# Problem to solve
An exact transcription is needed, beginning at the line with "Tongue licking vibrator" and ending at the last line of the listing, with pictures left out and nothing else added.

# Information supplied
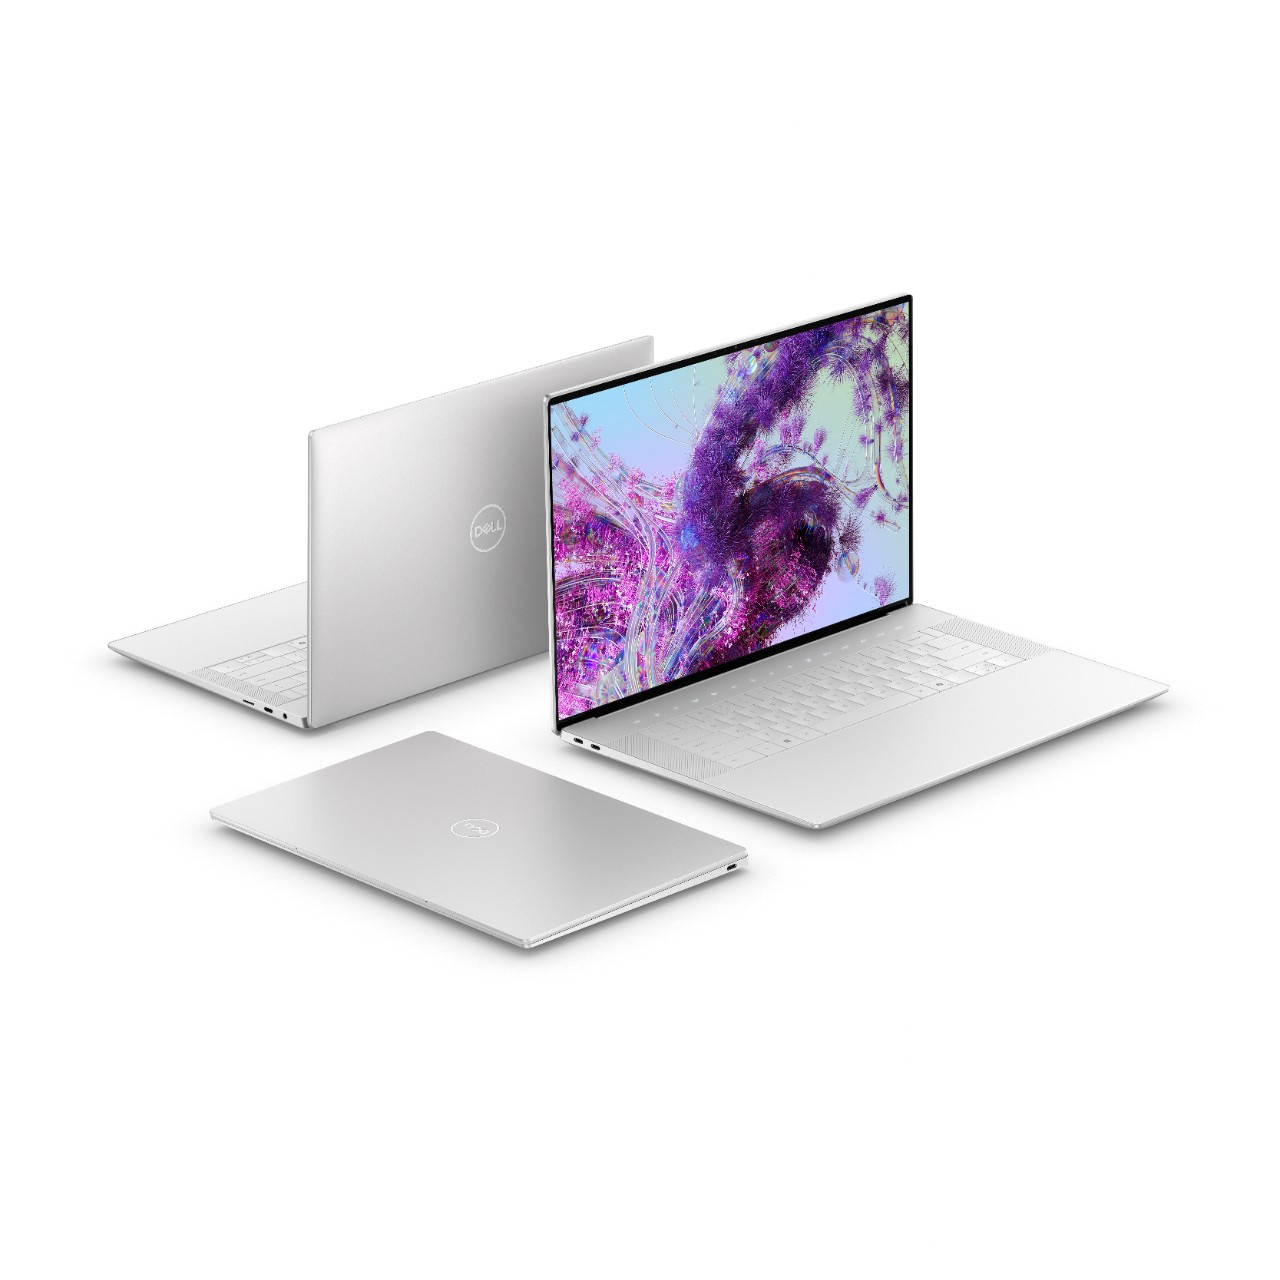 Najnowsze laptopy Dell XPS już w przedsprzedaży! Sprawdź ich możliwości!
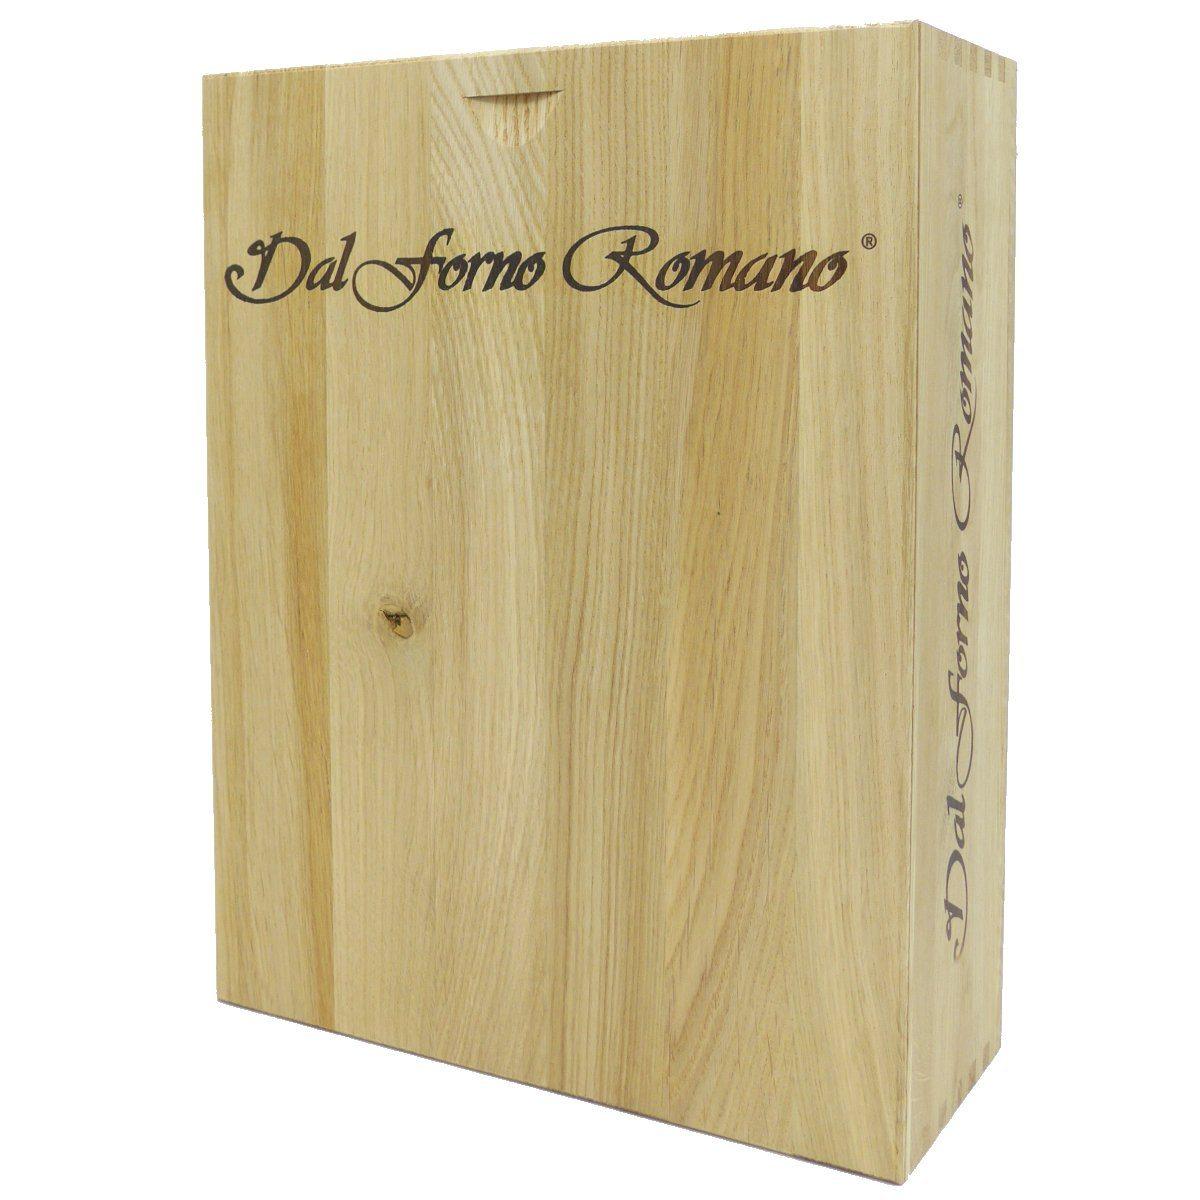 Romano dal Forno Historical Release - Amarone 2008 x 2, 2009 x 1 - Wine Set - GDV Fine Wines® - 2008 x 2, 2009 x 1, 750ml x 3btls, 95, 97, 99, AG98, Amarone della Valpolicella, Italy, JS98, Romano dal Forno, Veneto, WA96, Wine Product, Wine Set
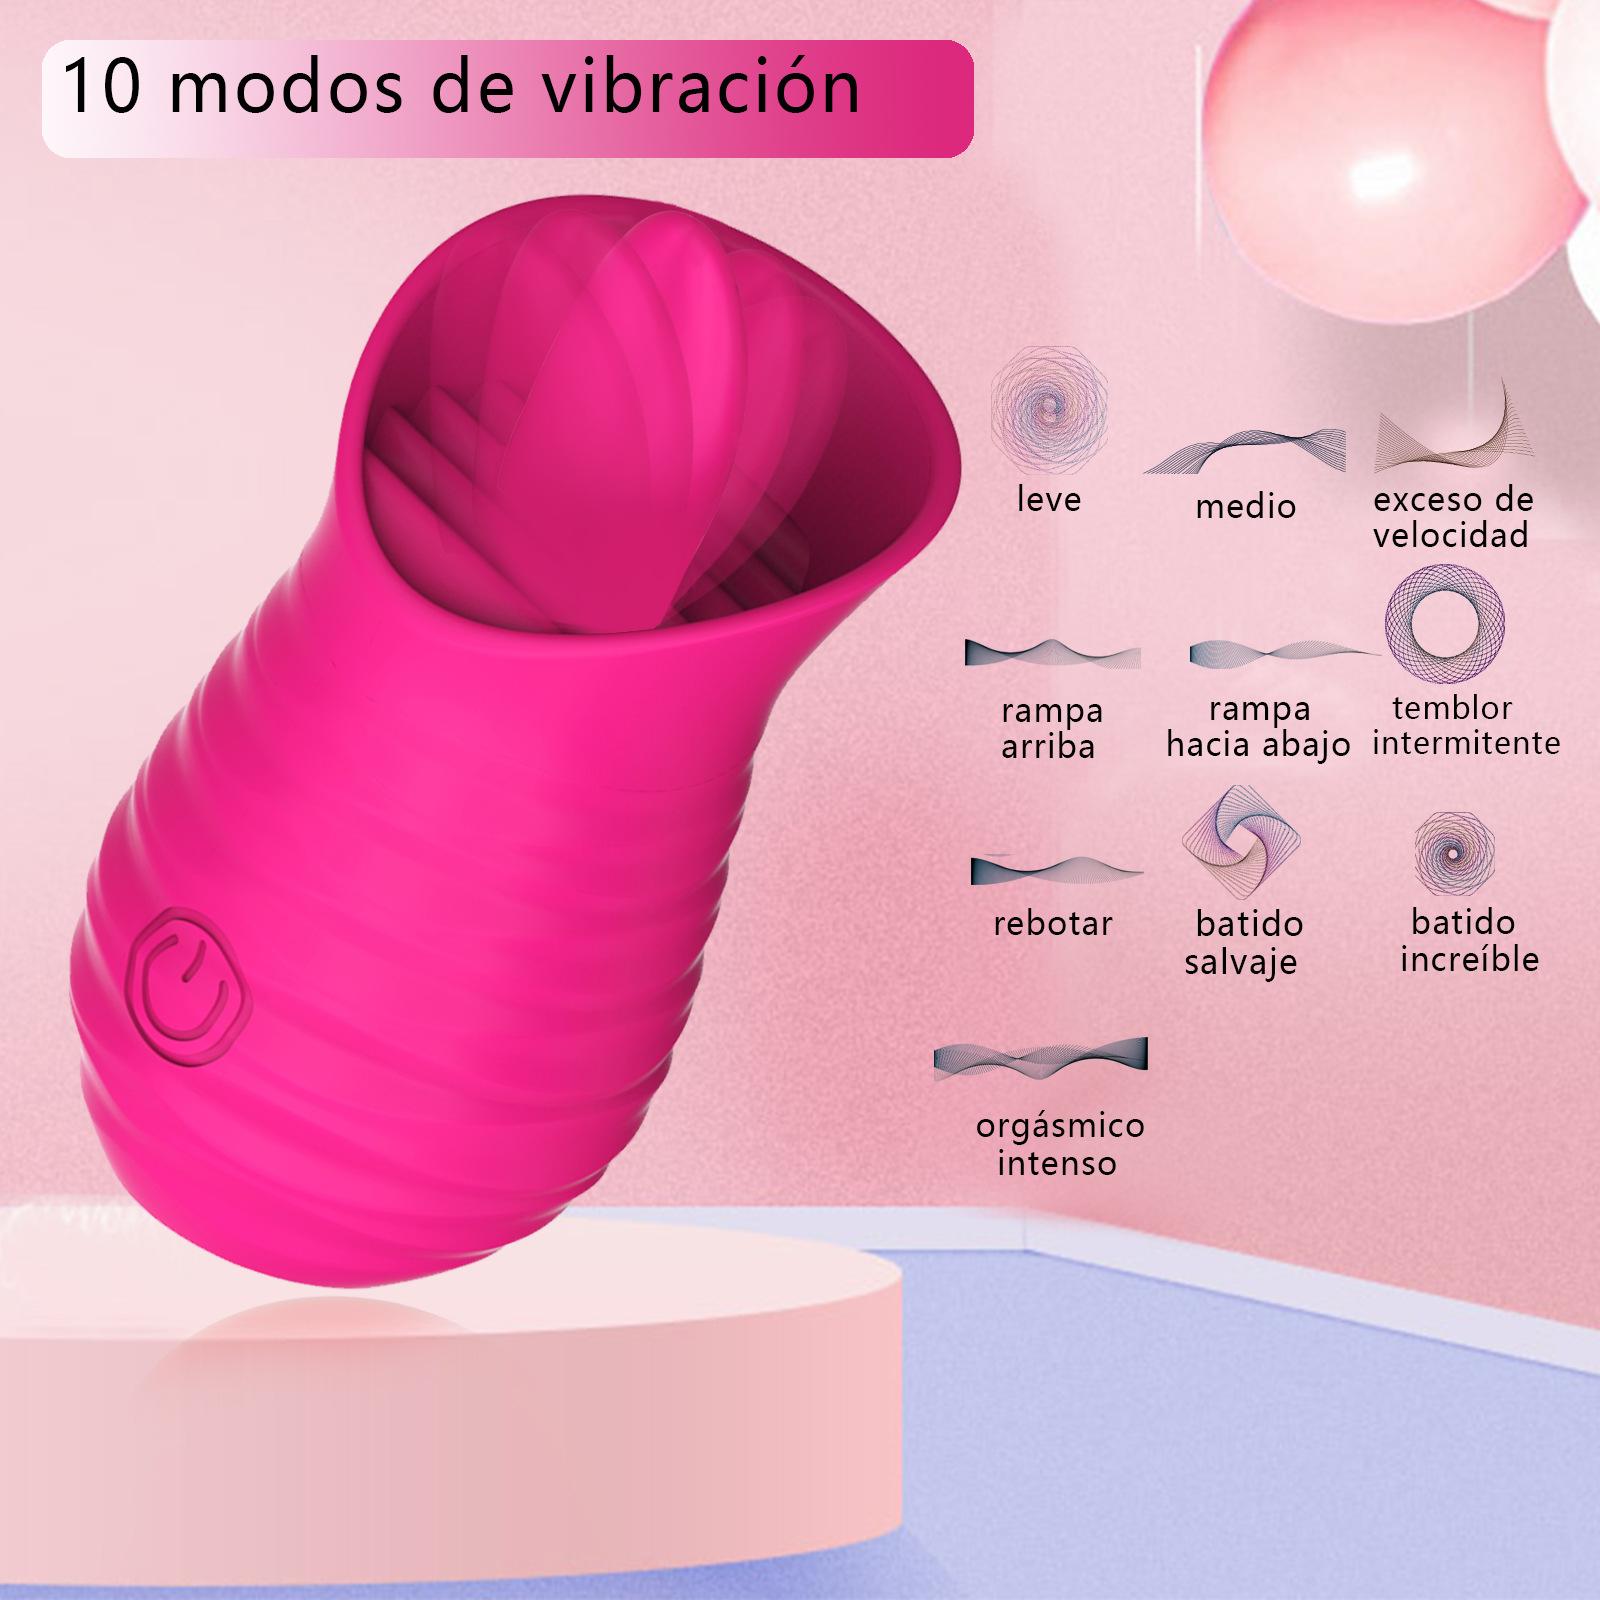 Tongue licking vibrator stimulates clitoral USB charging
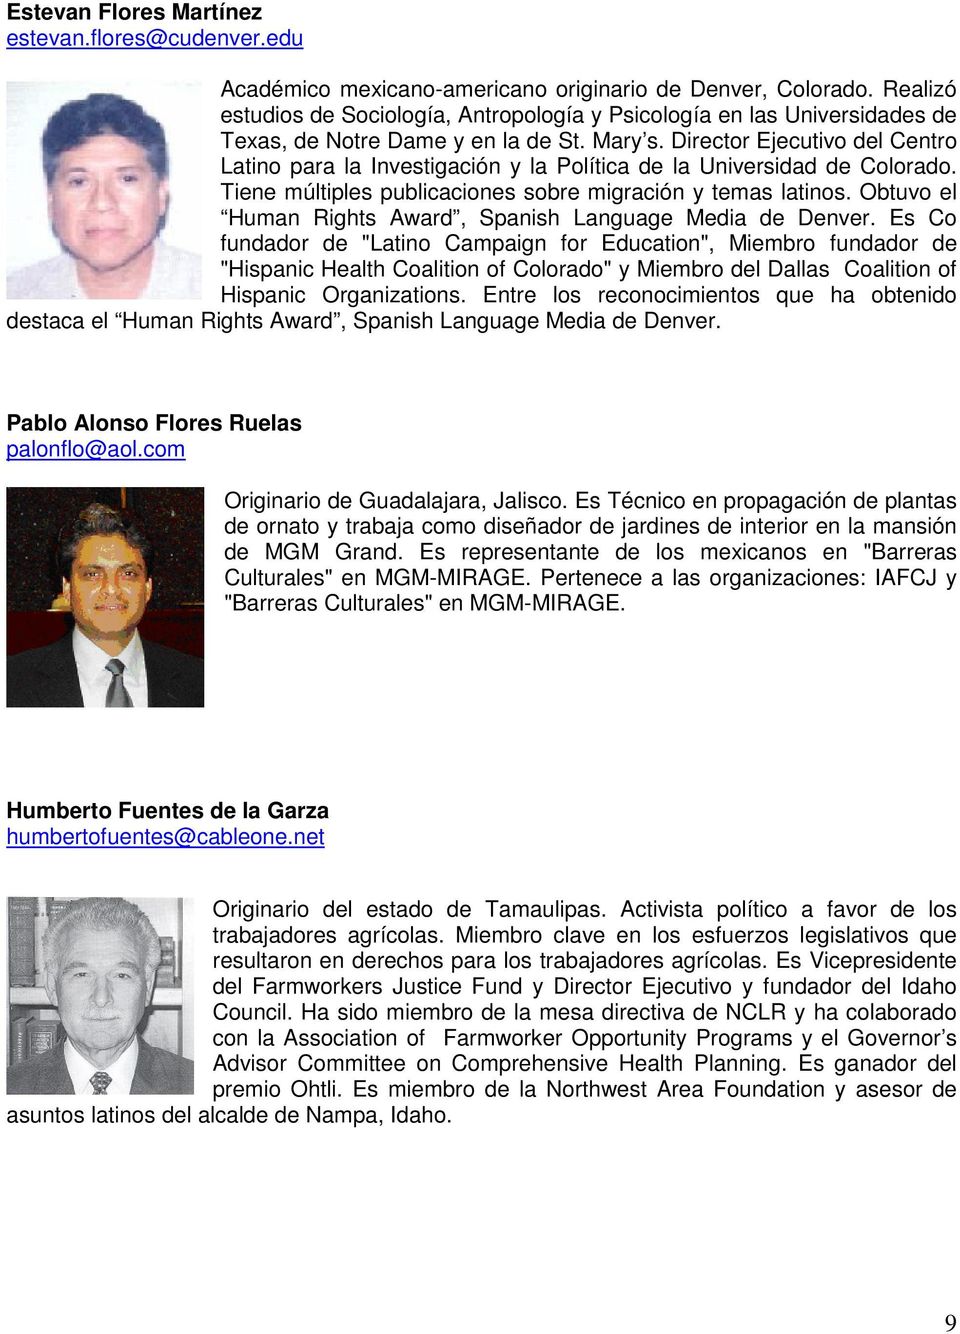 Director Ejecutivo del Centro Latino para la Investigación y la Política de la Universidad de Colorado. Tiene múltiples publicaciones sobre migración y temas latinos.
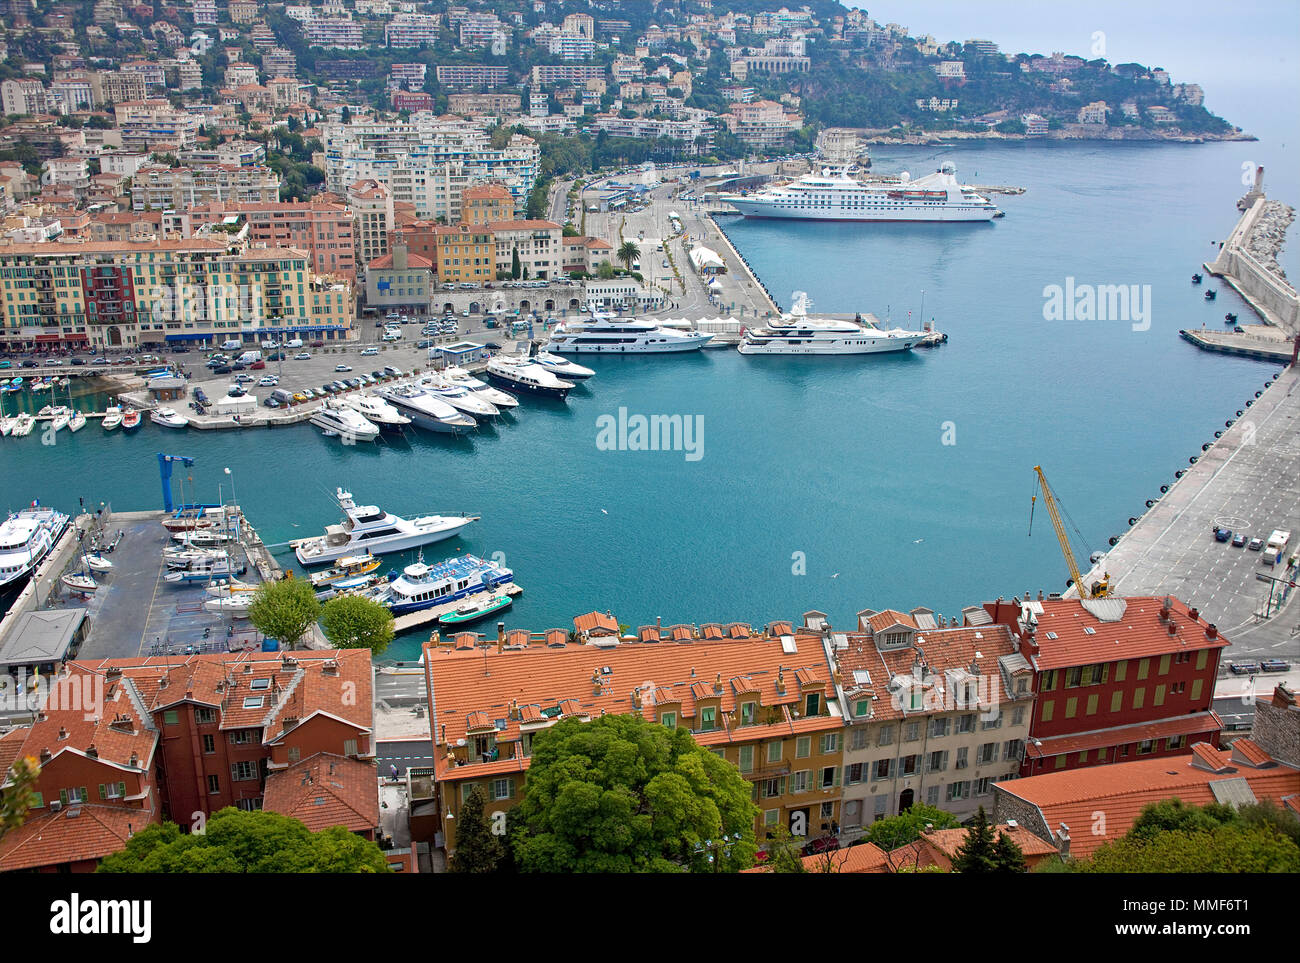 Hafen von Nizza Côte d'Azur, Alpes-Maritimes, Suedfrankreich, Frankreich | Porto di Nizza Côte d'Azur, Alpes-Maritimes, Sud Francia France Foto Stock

# Finished task
 Tongue licking vibrator stimulates clitoral USB charging
 Director Ejecutivo del Centro Latino para la Investigación y la Política de la Universidad de Colorado. Tiene múltiples publicaciones sobre migración y temas latinos.
 Hafen von Nizza Côte d'Azur, Alpes-Maritimes, Suedfrankreich, Frankreich | Porto di Nizza Côte d'Azur, Alpes-Maritimes, Sud Francia France Foto Stock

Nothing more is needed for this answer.